Na literatura, especialmente nas crônicas (em Sérgio Porto, Luis Fernando Veríssimo, Millôr Fernandes e muitos outros), encontramos vários sentidos do urbano no dia-a-dia. Pensemos, por exemplo, na noção de “transporte”: nas crônicas nos deparamos com sujeitos que realizam percursos, a pé ou com algum meio de transporte, entre a casa e o trabalho, a casa e o lazer ou transitando pelo espaço público. A cidade aí não funciona tão bem como prevêm os discursos de organização: há condições precárias, há atrasos, há incompreensão na leitura dos itinerários, há acidentes, empurrões, indiferença etc. E há também situações inusitadas, costumes singulares, personagens típicos, gentileza e indiferença, conflito e convívio entre diferentes.
Na crônica “Estrada de Ferro-Leblon”, de Paulo Porto, escrita em 1954, notamos por contraste com a atualidade como a “quantidade” era significada no transporte: “Este é o meu itinerário de muitos anos. Já o fiz de ônibus, nos bons tempos em que só valia viajar sentado. Depois veio a ordem para os oito em pé, e lá viemos nós – os do ônibus – a compartilhar com um número maior de almas irmãs os solavancos sortidos que a prefeitura proporcionou aos moradores desta cidade, através de seus bem cuidados buracos. Mas, lá um dia, um sábio qualquer, das chamadas classes dirigentes, fez cair a portaria dos oito em pé. O oito caiu, ficou deitado, e como um oito deitado é o símbolo do infinito, nasceu a suposição de que, nos ônibus, há sempre lugar para mais um.”. Da obrigação de viajar sentado aos ônibus lotados de hoje, e mais ainda aos “surfistas ferroviários”, vemos os sentidos do excesso tomar lugar no transporte público.
Na atualidade, os meios de trransporte se proliferaram, mas os transtornos aumentaram em uma cidade que privilegia o automóvel e o transporte individual.
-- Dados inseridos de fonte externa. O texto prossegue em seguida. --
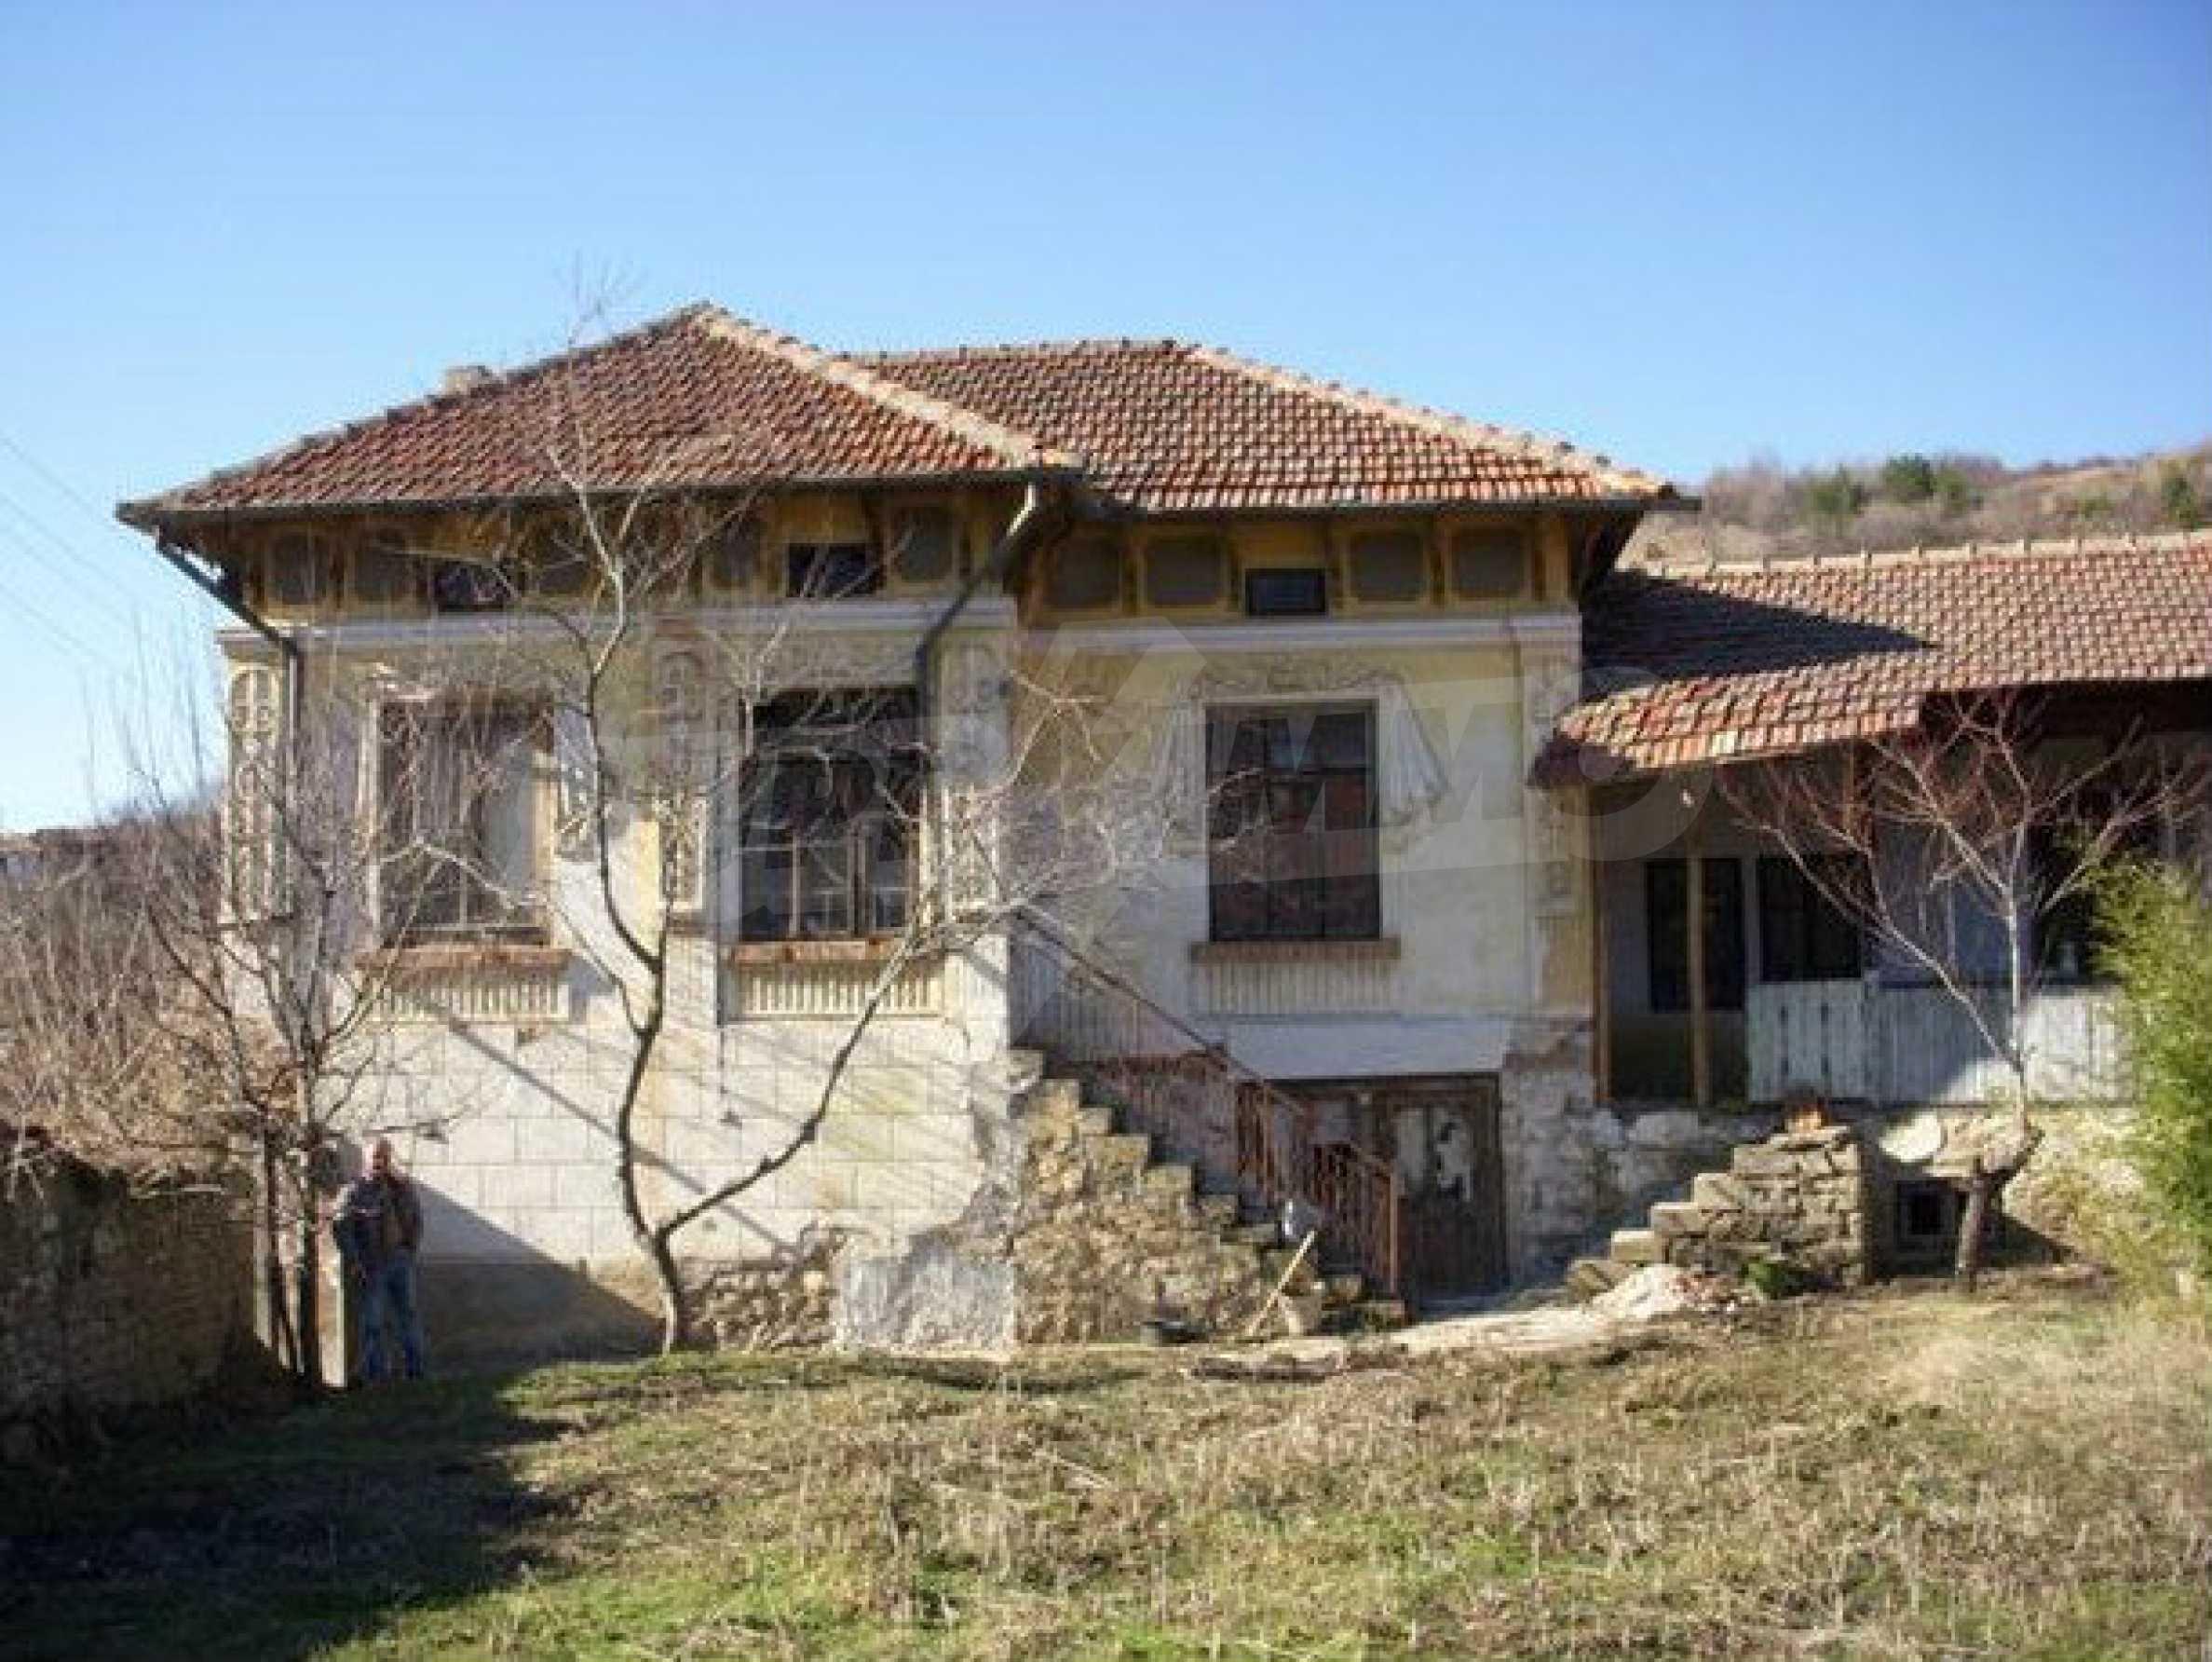 Geräumiges Haus mit einem ehemaligen Weinkeller zur Renovierung in der Nähe der Stadt Pavlikeni 6

Em uma crônica denominada o “sem-carro”, um desses neologismos provisórios do cotidiano, a escritora e jornalista Vanessa Bárbara (2014) descreve percursos realizados por esses sujeitos que “precisam tomar duas conduções, seguidas de um trem (com baldeação), uma van clandestina, uma carona na rabeira de um caminhão, e um trecho de paralelepípido vencido a pé, totalizando um percurso que leva, em média, uma hora e quarenta minutos”. O vocabulário a partir dessa posição de quem utiliza transporte urbano é extenso: itinerário, linha, fila, coletivo, autofóbico, ladeira, sacolejo, corredor de ônibus, terminal, etc.
As crônicas urbanas nos pemitem observar a relação dos sujeitos com a cidade, com os meios de transporte, com a alteridade no espaço público, saindo dos percursos pré-estabelecidos e dos sentidos estabilizados da organização urbana.
Bibliografia
BÁRBARA, Vanessa. O sem-carro. In: O Louco de Palestra. São Paulo: Companhia das Letras, 2014.
PORTO, Sérgio. O Homem ao Lado – crônicas. São Paulo: Companhia das Letras, 2014.